Depuis la COP21, de nombreuses dynamiques ont vu le jour : l’alliance solaire internationale, l’initiative africaine pour les énergies renouvelables, la mission innovation, la coalition pour le prix du carbone, etc. Face à la difficulté de dresser un bilan de ces initiatives, la ministre marocaine de l’environnement, Hakima El Haite, et Laurence Tubiana vont proposer à Marrakech qu’un dispositif de suivi de ces coalitions soit mis sur pied d’ici à mai 2017, autour de critères précis et d’un registre d’enregistrement.
Au Maroc, les délégations devraient évoquer la lancinante question des financements. Les pays en développement gardent notamment en tête la promesse faite à leur égard, en 2009, par les nations industrialisées : mobiliser au moins 100 milliards de dollars (90 milliards d’euros) par an, d’ici à 2020, de financement climat du Nord vers le Sud.

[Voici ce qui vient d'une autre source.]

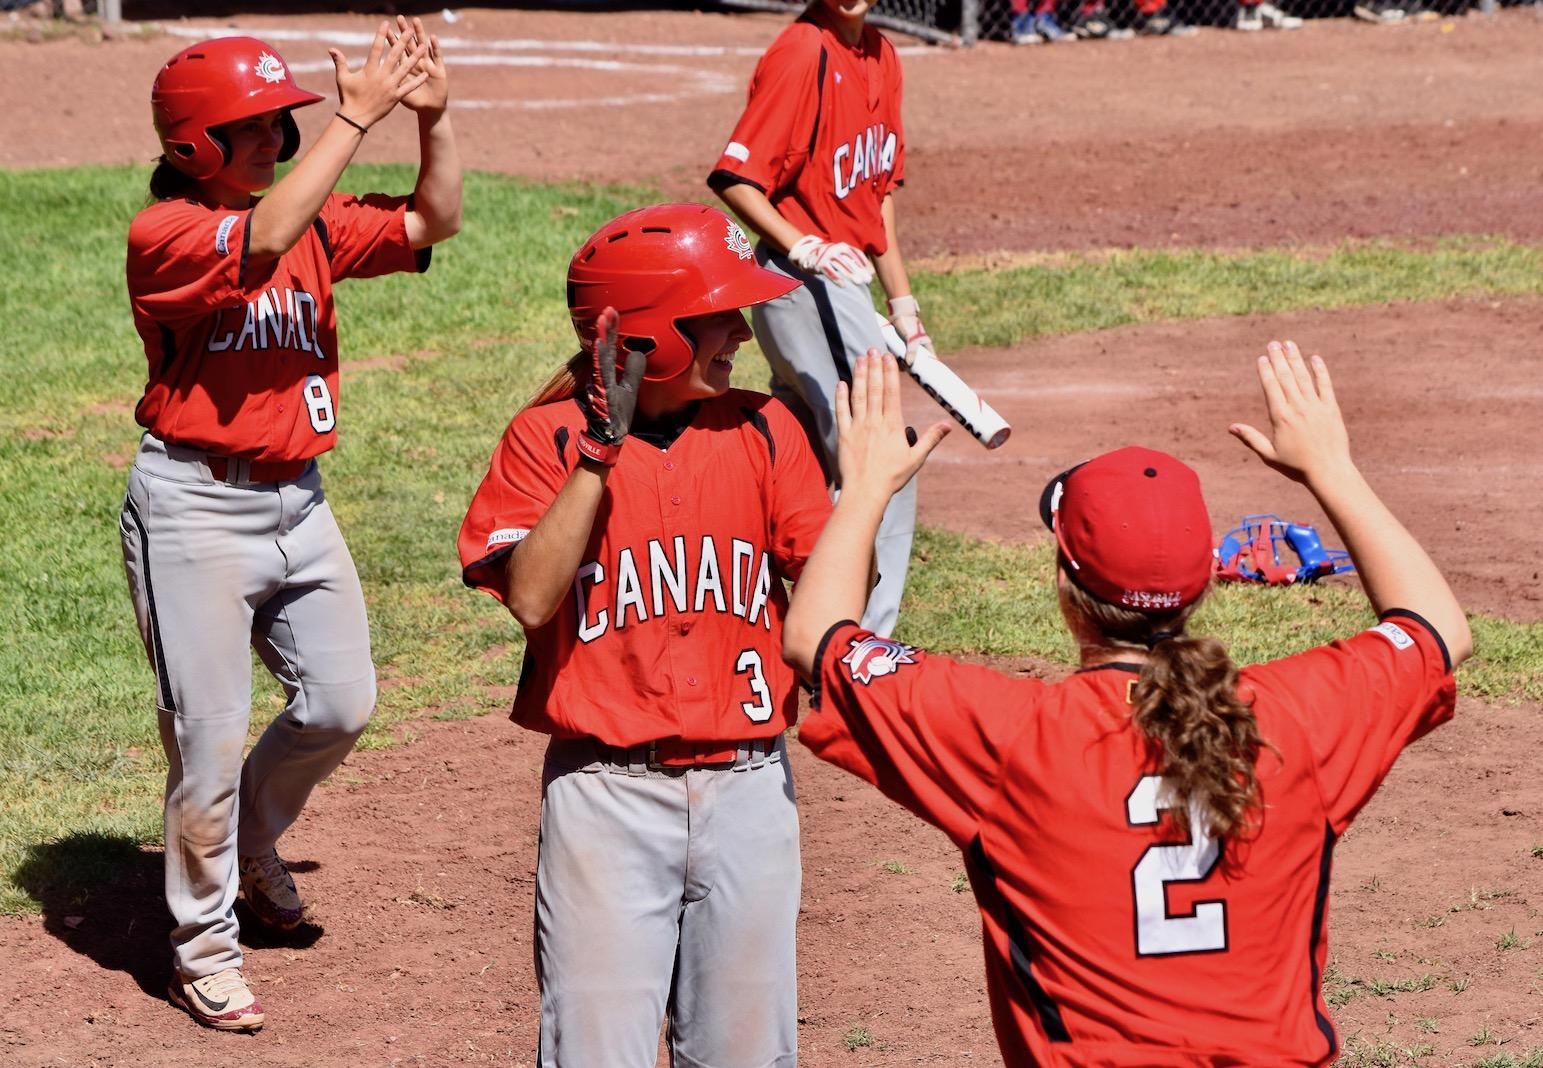 Équipe féminine : Les Canadiennes reviennent de l'arrière et battent Cuba

Rendue publique le 17 octobre, à la veille de la pré-COP22, une expertise de l’Organisation de coopération et de développement économiques (OCDE) estime que le financement (public et privé) pourrait atteindre entre 77 et 133 milliards de dollars suivant les scénarios.
Comment la conférence de Marrakech s’organise-t-elle ?
Plus de 20 000 participants sont attendus à Marrakech du 7 au 18 novembre. S’y croiseront les délégations des 196 Etats, la société civile – les entreprises, les ONG, les scientifiques, les collectivités territoriales, les populations autochtones, les syndicats – et les médias du monde entier.
Mais les discussions ont débuté bien plus tôt dans l’année. Les équipes de négociations ont échangé régulièrement depuis l’adoption de l’accord de Paris, en décembre 2015, et se sont retrouvées à Bonn en Allemagne, en juin 2016, pour la session de travail annuelle de la CCNUCC. Depuis le 6 juillet, une nouvelle secrétaire exécutive de la Convention-cadre supervise ces négociations, la diplomate mexicaine Patricia Espinosa, en remplacement de la Costaricienne Christiana Figueres.
La France, qui a assuré la présidence de la COP21 depuis le 30 novembre 2015 – d’abord par Laurent Fabius, puis par Ségolène Royal, depuis mars 2016 – va passer le relais lundi 7 novembre, au pays hôte de la COP22, le Maroc. Le ministre marocain des affaires étrangères et de la coopération, Salaheddine Mezouar, devrait donc succéder, lundi, à la ministre française de l’environnement à la tête de la COP22, jusqu’à la prochaine conférence climat, prévue dans un an en Asie.